Jump to full article: Rapid City (SD) Journal, 2008-03-19 Author: Jomay Steen, Journal staff
Intro: Within his lifetime, Stephen Yellowhawk has fought stereotypes about his Native American culture and heritage. When a recent art contest opened with a theme asking how the use of commercial tobacco had impacted the Lakota culture, traditions and values, it resonated with Yellowhawk's personal goal to keep youths healthy and tobacco-free.
For the first-time art contestant, the Black Hills Center for American Indian Health's "The Oniyan Wakan" ("Sacred Breath") art contest offered an opportunity to display his skills at beadwork and the cultural knowledge he wanted to share.
"It all fell together," he said. . . .
According to Henderson, the tobacco industry has long targeted Native Americans as a subgroup for its products, using Native American images and names to market its products while also sponsoring tribal rodeos, athletic tournaments and powwows with money and handing out cartons of cigarettes.
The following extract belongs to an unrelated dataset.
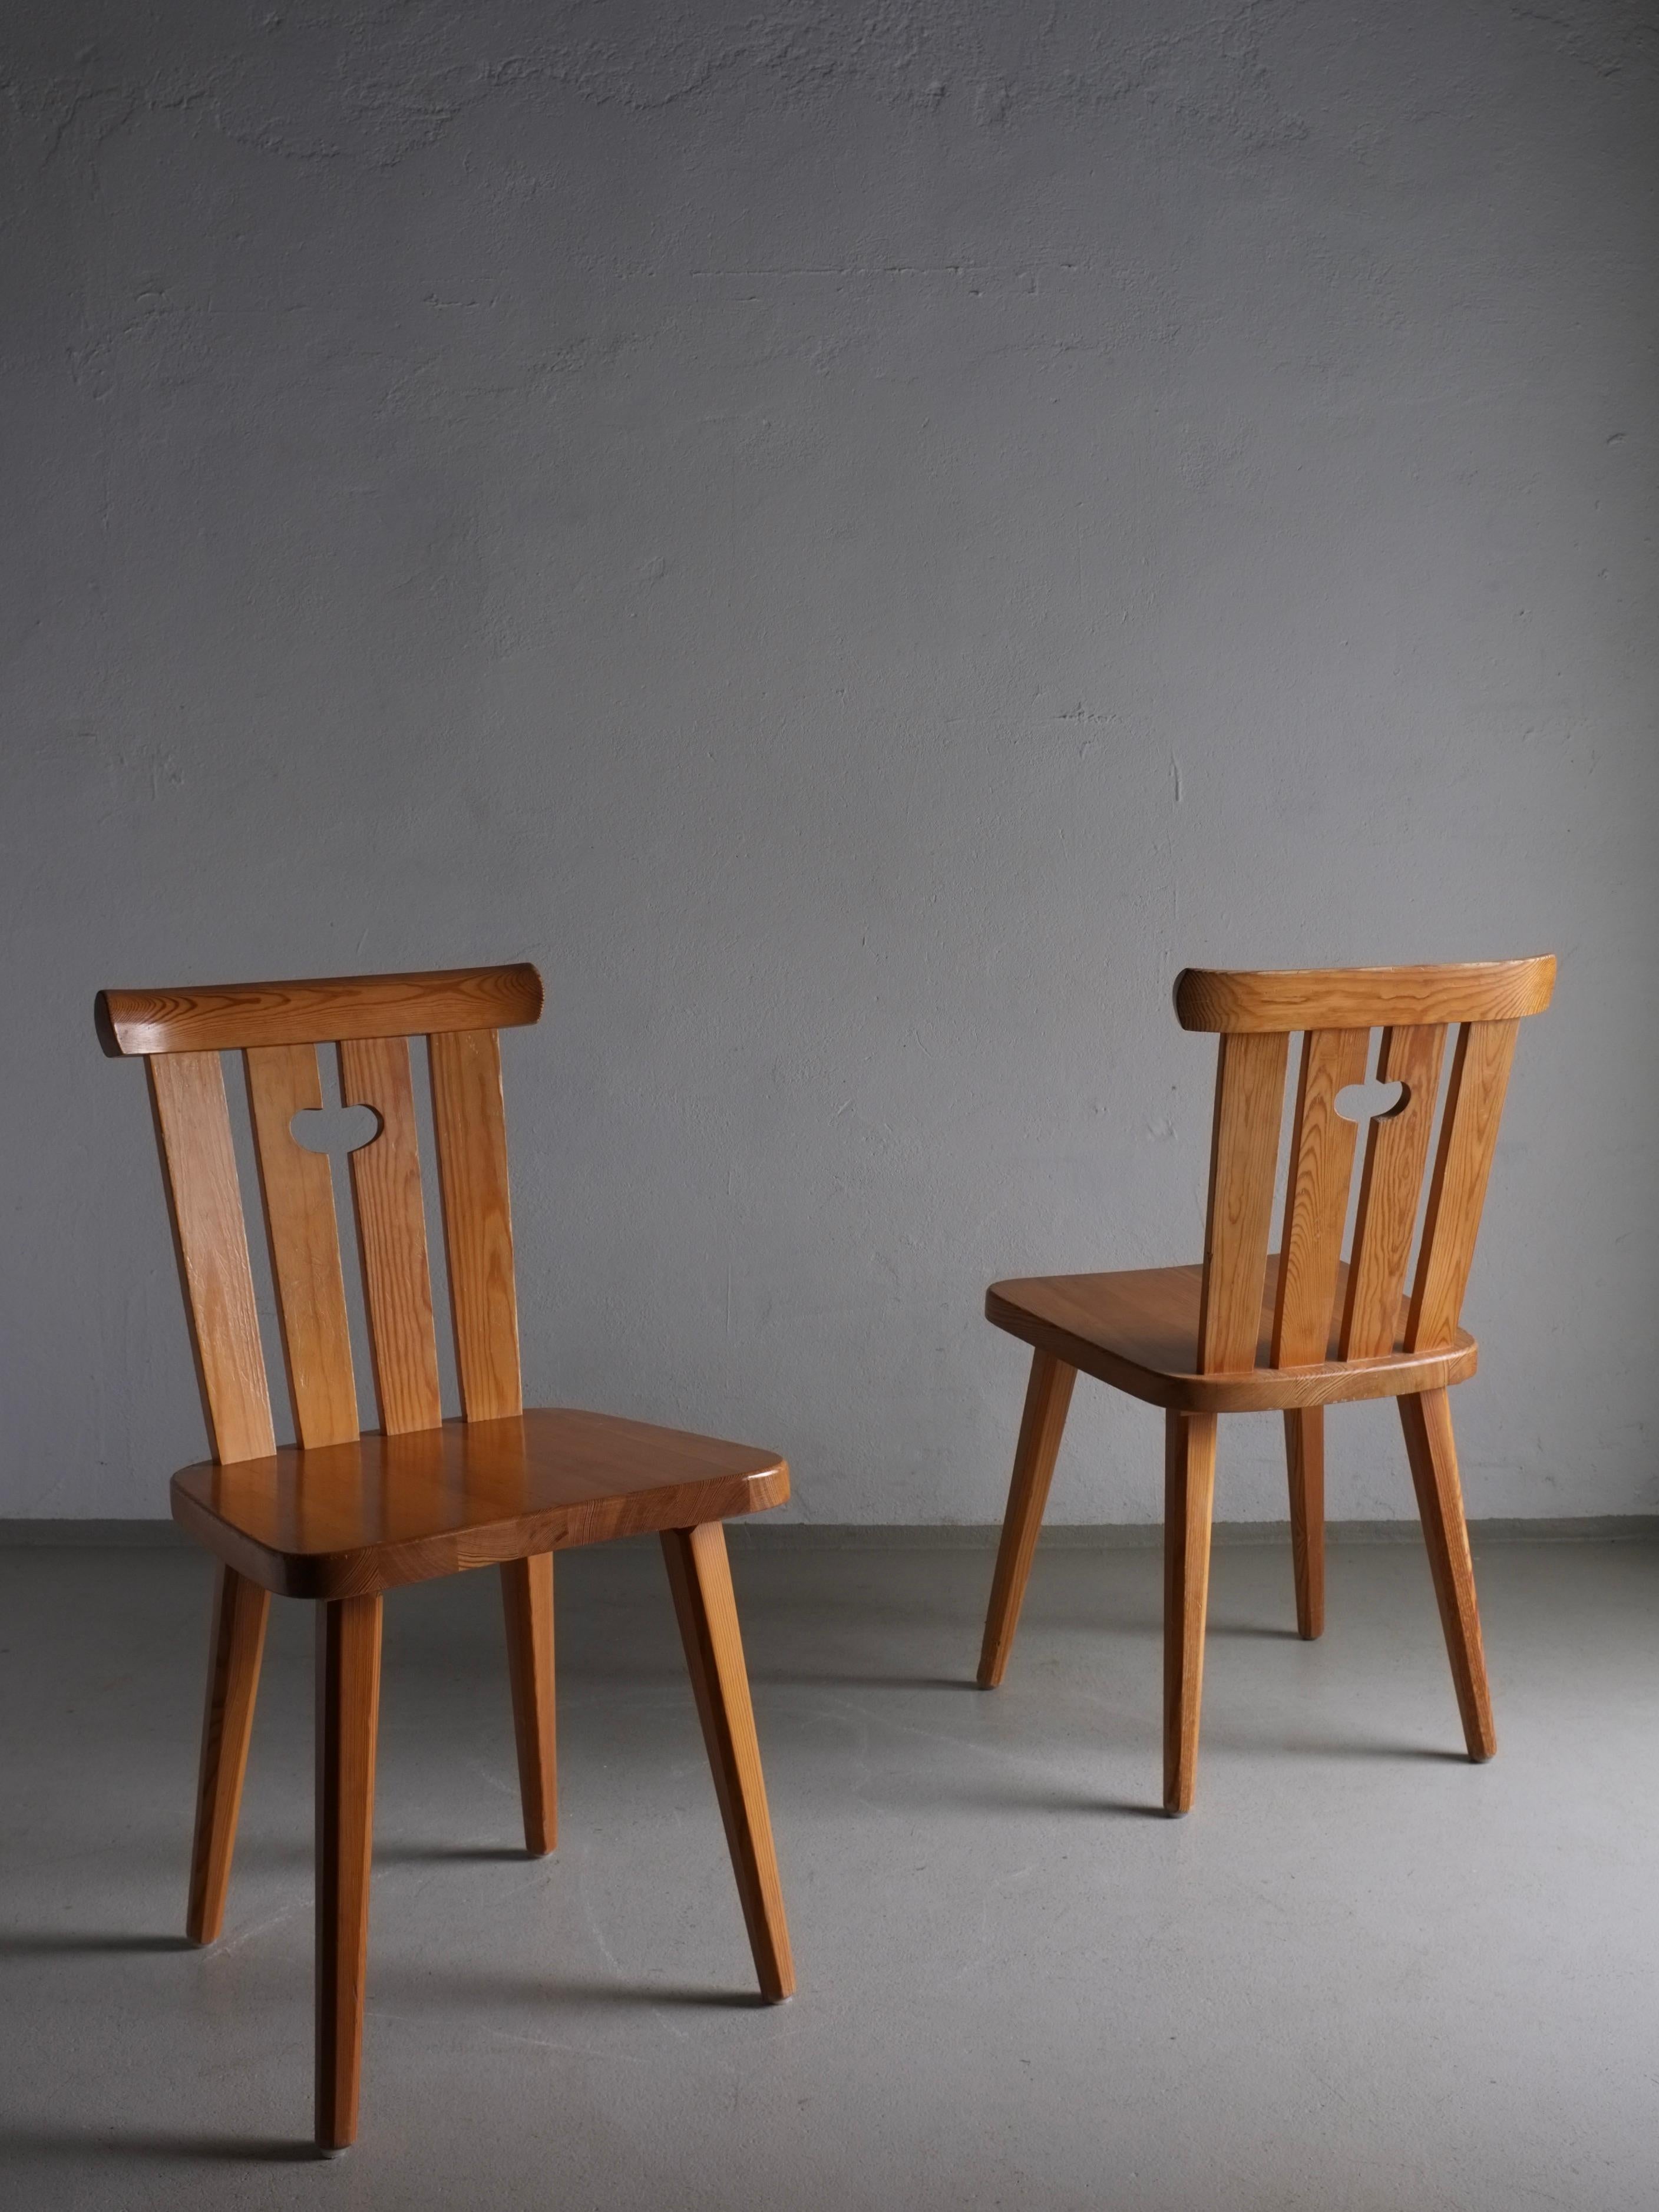 Set of 2 Solid Pine Chairs, Göran Malmvall, Sweden 1940s For Sale 2

"It worked," she said of industry hooking its target.
Commercial tobacco today is not what native tribes introduced to the colonists, she said. Cigarettes and other tobacco products are saturated with 4,000 different chemicals . . .
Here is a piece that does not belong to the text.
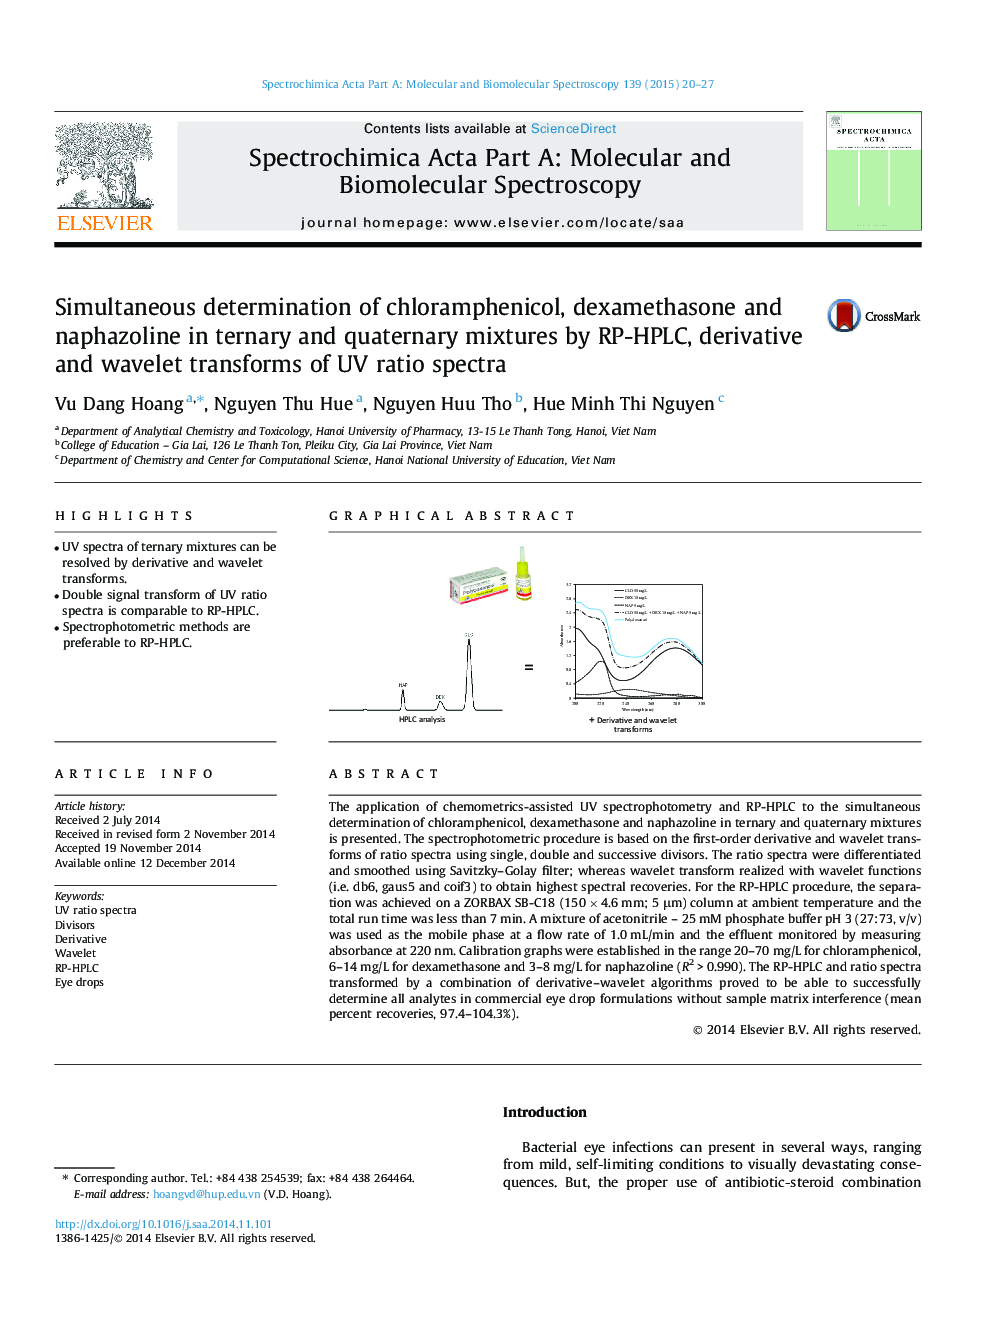 Simultaneous determination of chloramphenicol, dexamethasone and naphazoline in ternary and quaternary mixtures by RP-HPLC, derivative and wavelet transforms of UV ratio spectra

Afraid of Lightning said it was a contradiction to his tribe's value system and a misconception that tobacco was part of the Lakota culture.
"Tobacco doesn't grow around here, and it never has. What was traditionally used for tobacco was taken from the bark of the red willow tree. … It was never smoked for pleasure or addiction," he said.
. . .
"The tobacco companies are tricking us; cigarette smoking is not traditional in any way," he said.